### Goal of the exercise
When copying the records below, omit any image and print everything else exactly.

========================================================================

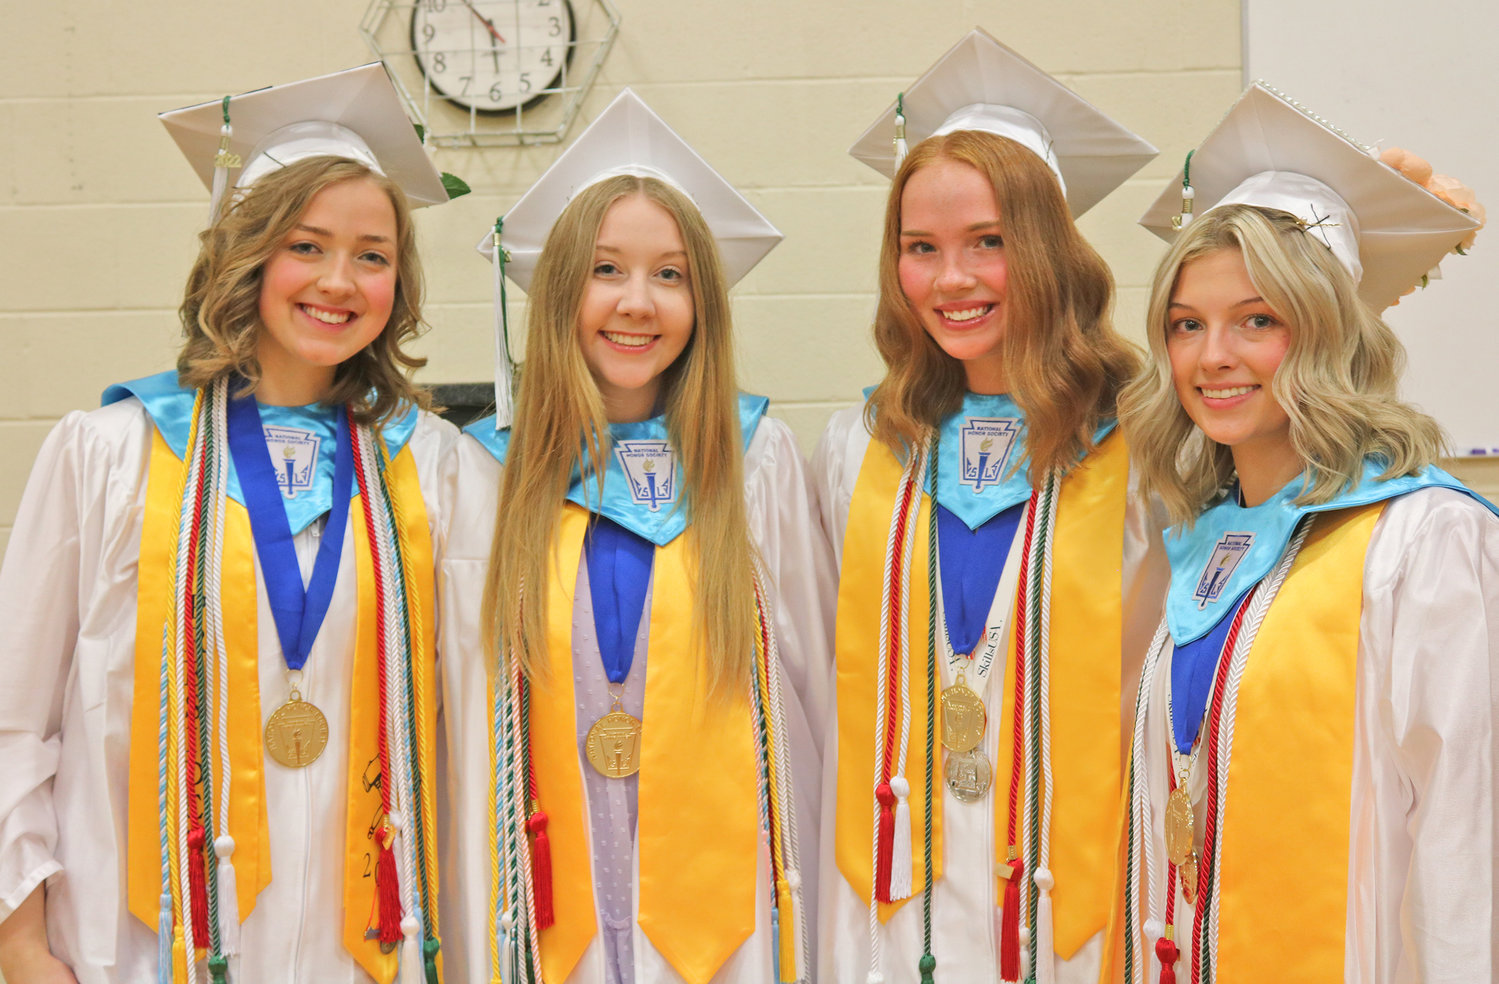 WILDCAT OFFICERS — Class of 2022 officers get ready to bid farewell to their days as students at Adironack High School. From left: Isabella Miller, president; Sarah Wiedmer, vice president; Kaitlin Gallo, secretary; and Rachel Bellinger, treasurer.
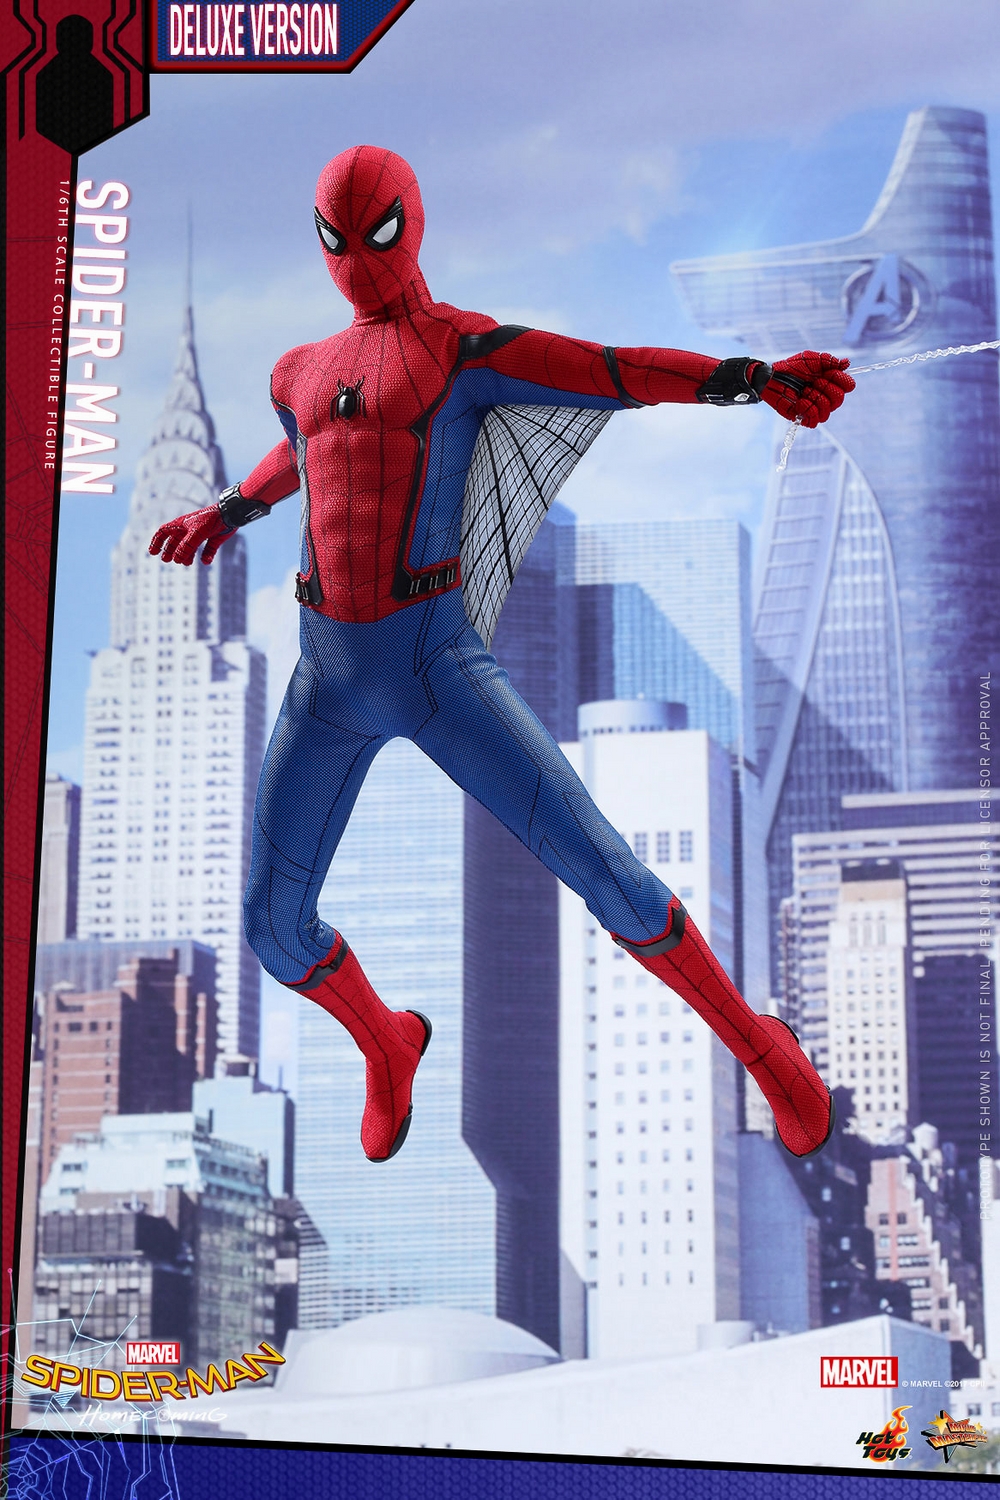 Hot-Toys-MMS426-Spider-Man-Homecoming-Deluxe-005.jpg
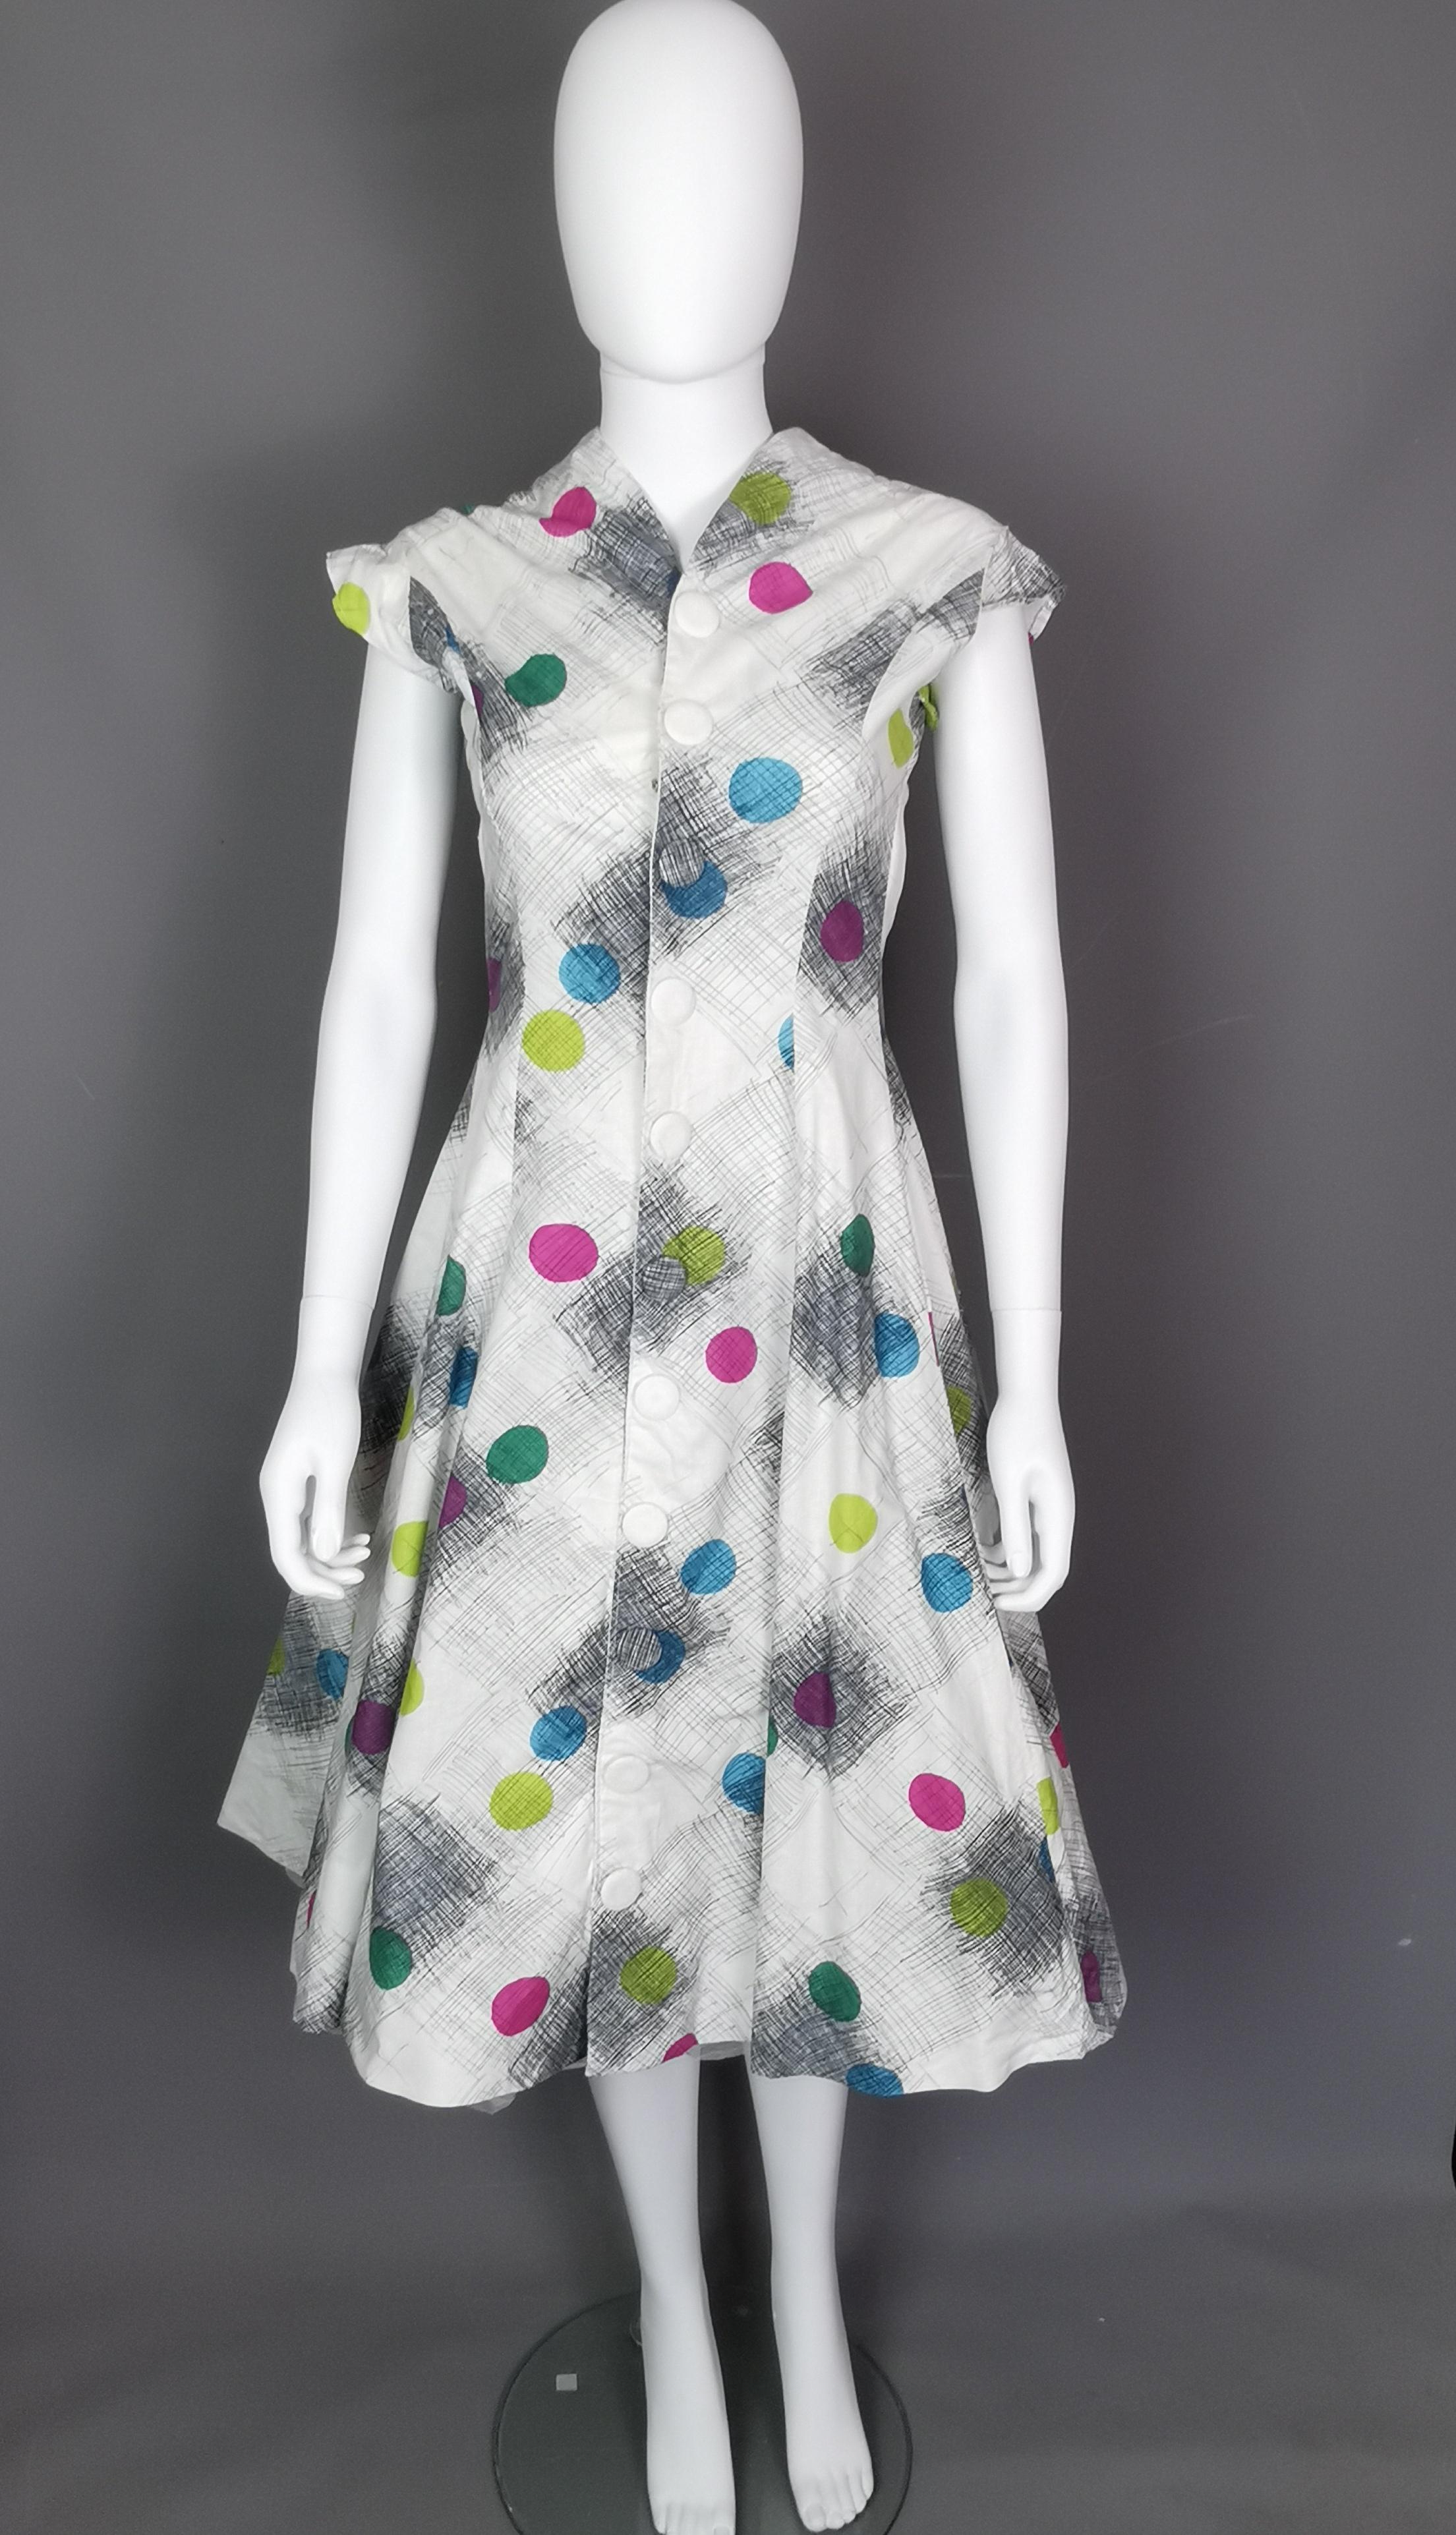 An incredible vintage original 1950s two piece dress.

It features a wonderful full skirted swing dress with a matching short sleeved bolero jacket.

The set is made from cotton with an abstract circles, space age style print.

It has a gorgeous and
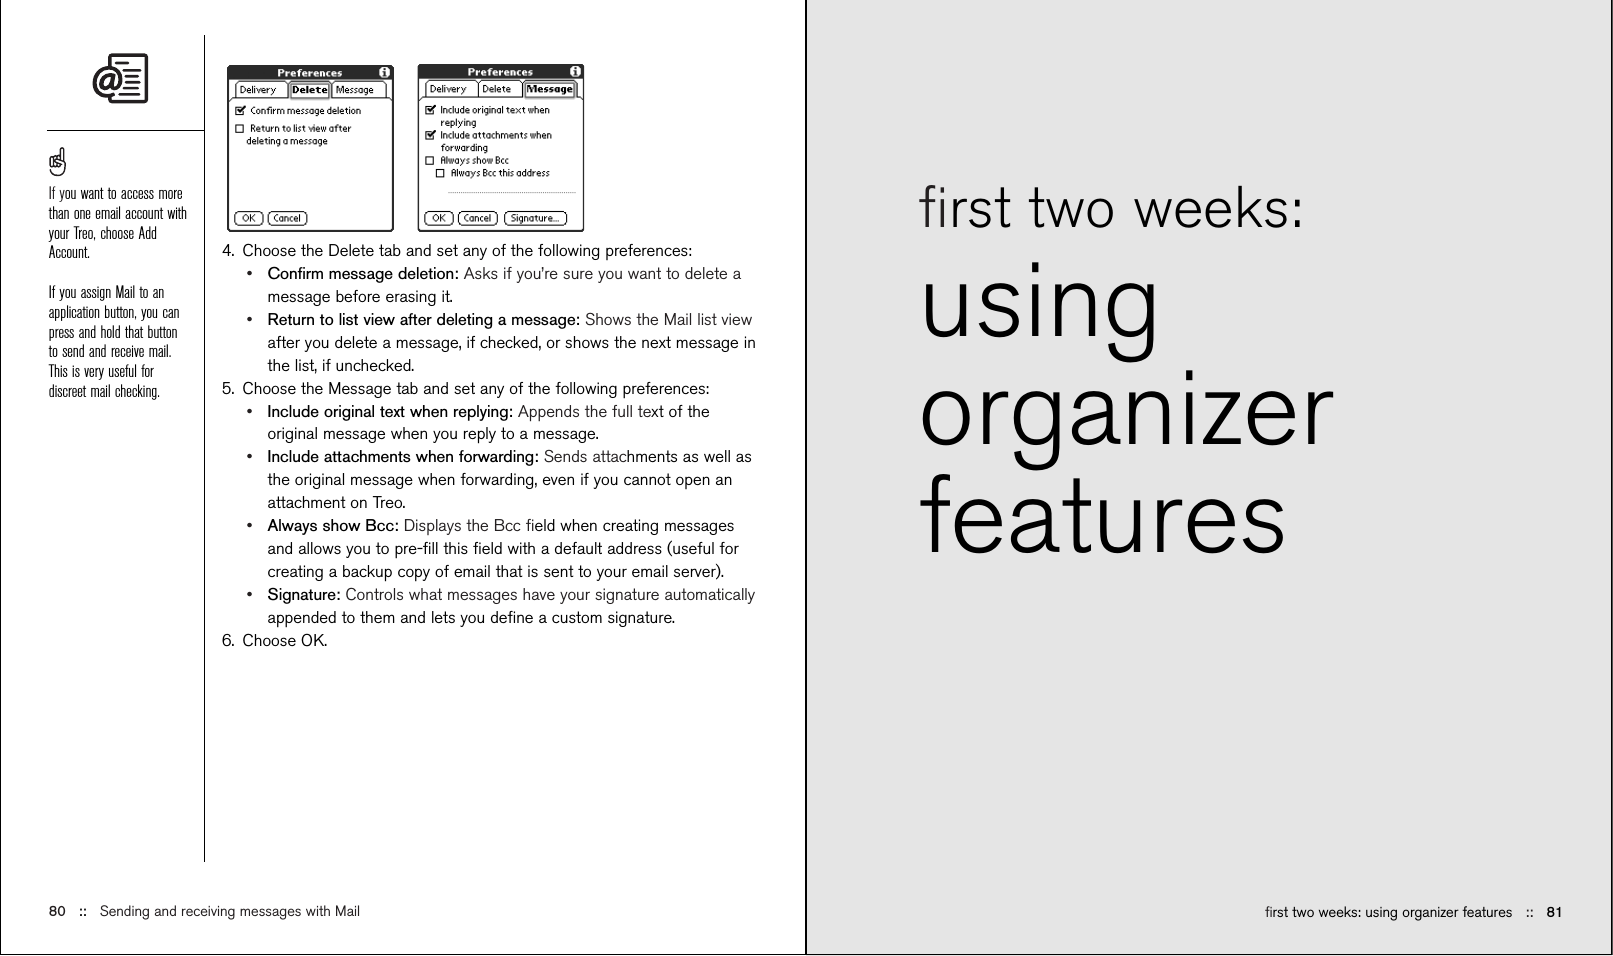 ﬁrst two weeks: using organizer features ::   81ﬁrst two weeks: usingorganizerfeatures4. Choose the Delete tab and set any of the following preferences:•Conﬁrm message deletion: Asks if you’re sure you want to delete amessage before erasing it.•Return to list view after deleting a message: Shows the Mail list viewafter you delete a message, if checked, or shows the next message inthe list, if unchecked.5. Choose the Message tab and set any of the following preferences:•Include original text when replying: Appends the full text of theoriginal message when you reply to a message.•Include attachments when forwarding: Sends attachments as well asthe original message when forwarding, even if you cannot open anattachment on Treo.•Always show Bcc: Displays the Bcc ﬁeld when creating messagesand allows you to pre-ﬁll this ﬁeld with a default address (useful forcreating a backup copy of email that is sent to your email server).•Signature: Controls what messages have your signature automaticallyappended to them and lets you deﬁne a custom signature.6. Choose OK.80 ::   Sending and receiving messages with MailIf you want to access morethan one email account withyour Treo, choose AddAccount.If you assign Mail to anapplication button, you canpress and hold that buttonto send and receive mail.This is very useful fordiscreet mail checking.

========================================================================

### Exercise answer
 WILDCAT OFFICERS — Class of 2022 officers get ready to bid farewell to their days as students at Adironack High School. From left: Isabella Miller, president; Sarah Wiedmer, vice president; Kaitlin Gallo, secretary; and Rachel Bellinger, treasurer.
 Hot-Toys-MMS426-Spider-Man-Homecoming-Deluxe-005.jpg
 An incredible vintage original 1950s two piece dress.

It features a wonderful full skirted swing dress with a matching short sleeved bolero jacket.

The set is made from cotton with an abstract circles, space age style print.

It has a gorgeous and
 ﬁrst two weeks: using organizer features ::   81ﬁrst two weeks: usingorganizerfeatures4. Choose the Delete tab and set any of the following preferences:•Conﬁrm message deletion: Asks if you’re sure you want to delete amessage before erasing it.•Return to list view after deleting a message: Shows the Mail list viewafter you delete a message, if checked, or shows the next message inthe list, if unchecked.5. Choose the Message tab and set any of the following preferences:•Include original text when replying: Appends the full text of theoriginal message when you reply to a message.•Include attachments when forwarding: Sends attachments as well asthe original message when forwarding, even if you cannot open anattachment on Treo.•Always show Bcc: Displays the Bcc ﬁeld when creating messagesand allows you to pre-ﬁll this ﬁeld with a default address (useful forcreating a backup copy of email that is sent to your email server).•Signature: Controls what messages have your signature automaticallyappended to them and lets you deﬁne a custom signature.6. Choose OK.80 ::   Sending and receiving messages with MailIf you want to access morethan one email account withyour Treo, choose AddAccount.If you assign Mail to anapplication button, you canpress and hold that buttonto send and receive mail.This is very useful fordiscreet mail checking.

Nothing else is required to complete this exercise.